Scott Conant: I wish your husband all the luck. Being a chef is tough sometimes, especially in the beginning, but it's really fun and rewarding.

Question: [I] would love to attend culinary school (Le Cordon Bleu in Paris would be a dream!) but am turning 40 soon—is it too late to get started in the biz?
Scott Conant: It is never too late to follow a dream.

Question: Hello Scott, with all your other TV endeavors how often are you in your kitchens if at all? I was a Johnson & Wales grad with several years in the biz. With all your years in the kitchen how were you able to maintain your passion while paying your dues. I find that now that it's no longer a career, my passion for food has come back.
Scott Conant: I am lucky I guess. I started when I was 15 and it all still fires me up. I have fun every day. I am very serious about what I do, but I never take myself too seriously.

Eating Habits

Question: OK...Seriously, how many days a week do you eat pasta?
Scott Conant: I eat pasta everyday, or at least taste it. I need to spend more time at the gym as a result. :)
Question: Oh, don't worry! When your baby girl starts walking that will be all the cardio you need!! My daughter is 4 and she loves to cook with me. It's so awesome.
Scott Conant: I look forward to that for a lot of reasons.
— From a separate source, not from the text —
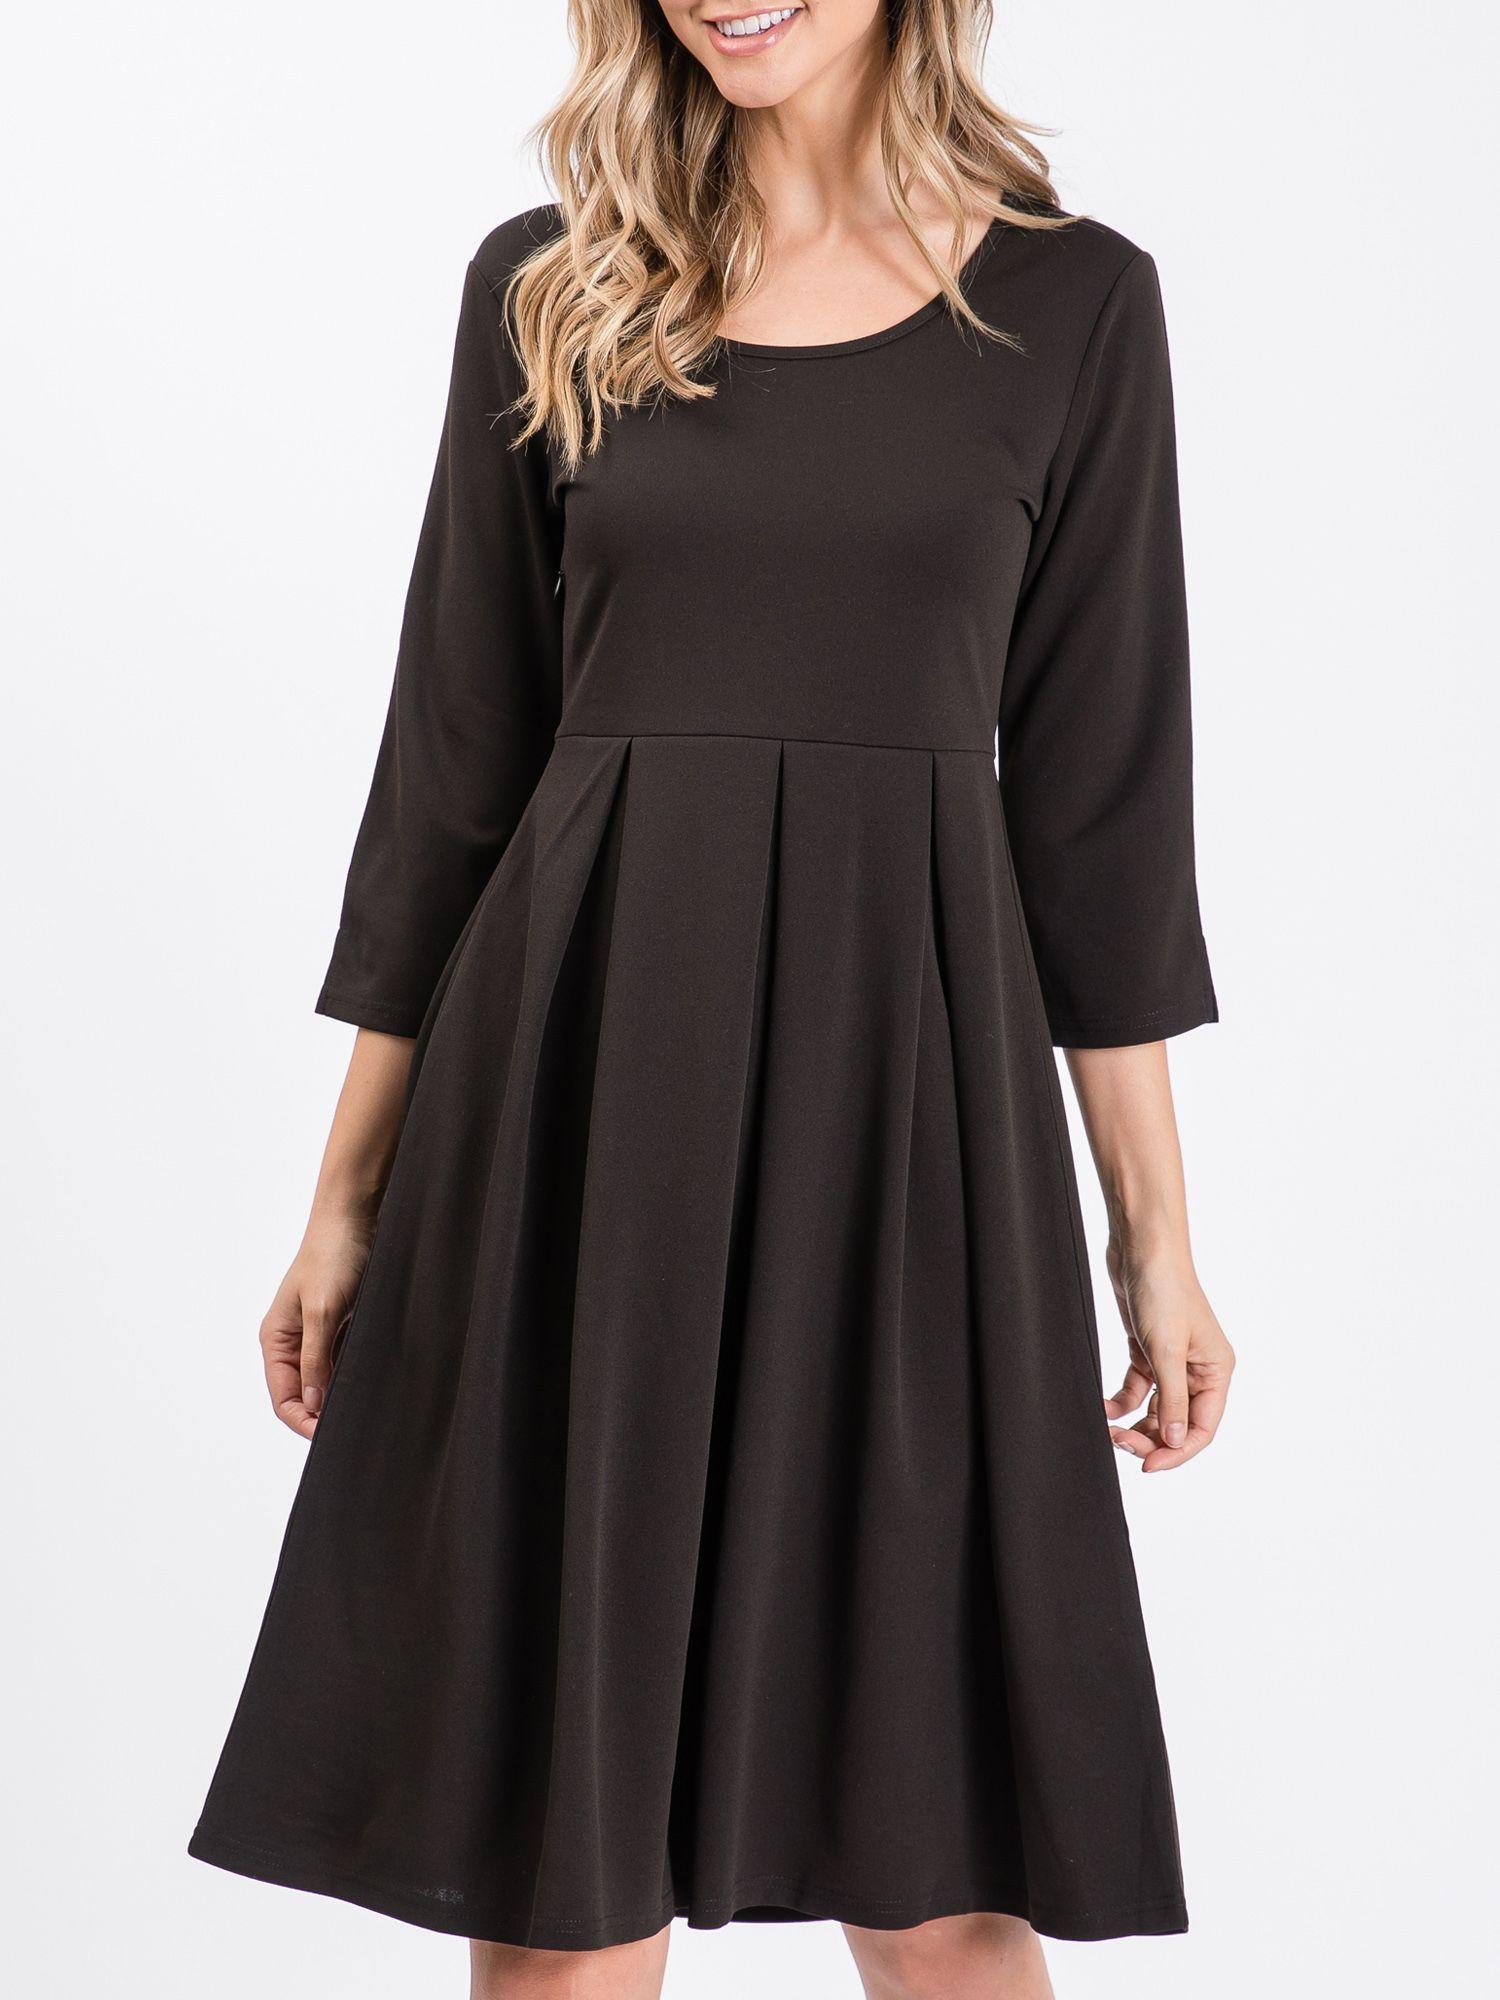 Doublju Doublju Women S 3 4 Sleeve Pleated Dress Plus Size Available Walmart Com Pleated Dress Dresses Women [ 2000 x 1500 Pixel ]
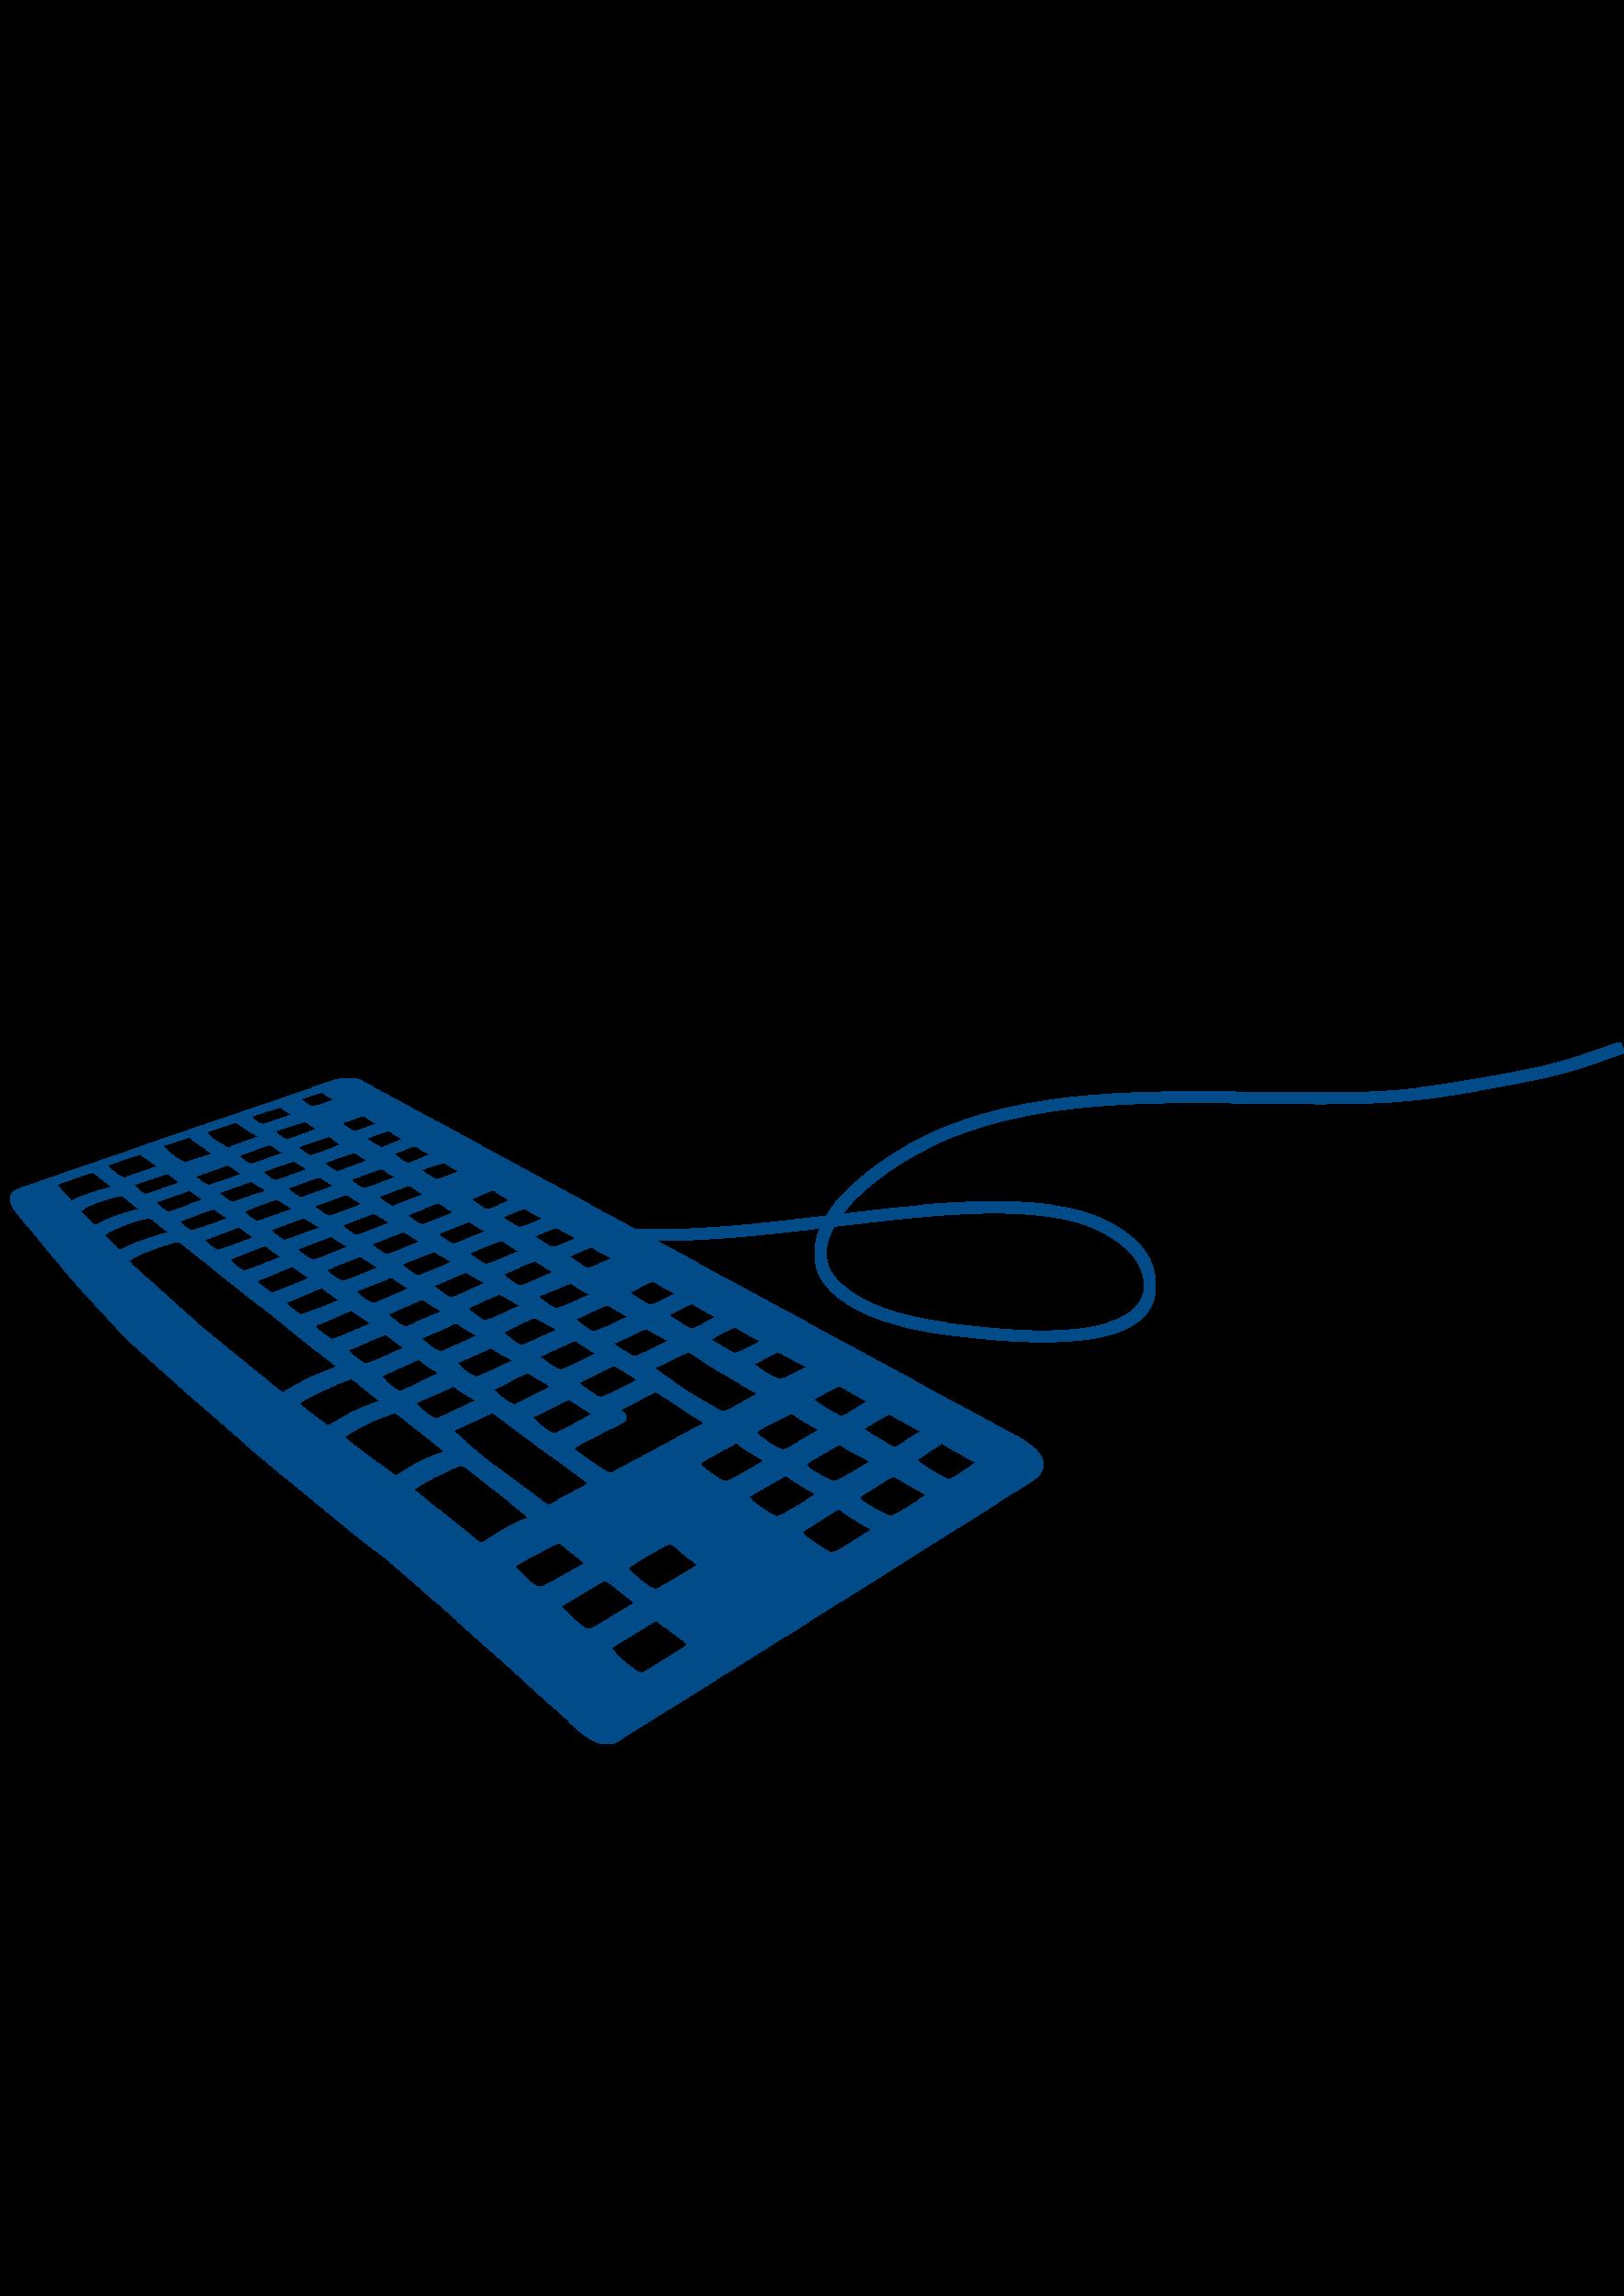 keyboard_heritageblue.png

Question: Scott, what is it with you and red onions?
Scott Conant: The whole point I was trying to make was that IF these [Chopped] contestants are trying to develop nuance and flavor out of food, then they need to develop flavors. By putting raw onions on top of a dish and creating a singular flavor profile that overpowers other components on a dish—that is NOT good cooking. I want the best for those cooks and chefs. That's why I tell them what I tell them. Remember, there is a lot of editing that happens and not everyone sees the whole of the conversations. Btw, on a sesame bagel with cream cheese and fresh tomato, I love a small slice of red onion—raw!

Question: What would your last meal be? What is in your refrigerator?
Scott Conant: I am working 16–18 hour days... I have NOTHING in my home refrigerator. [My] last meal would probably be fried chicken, really good fried chicken.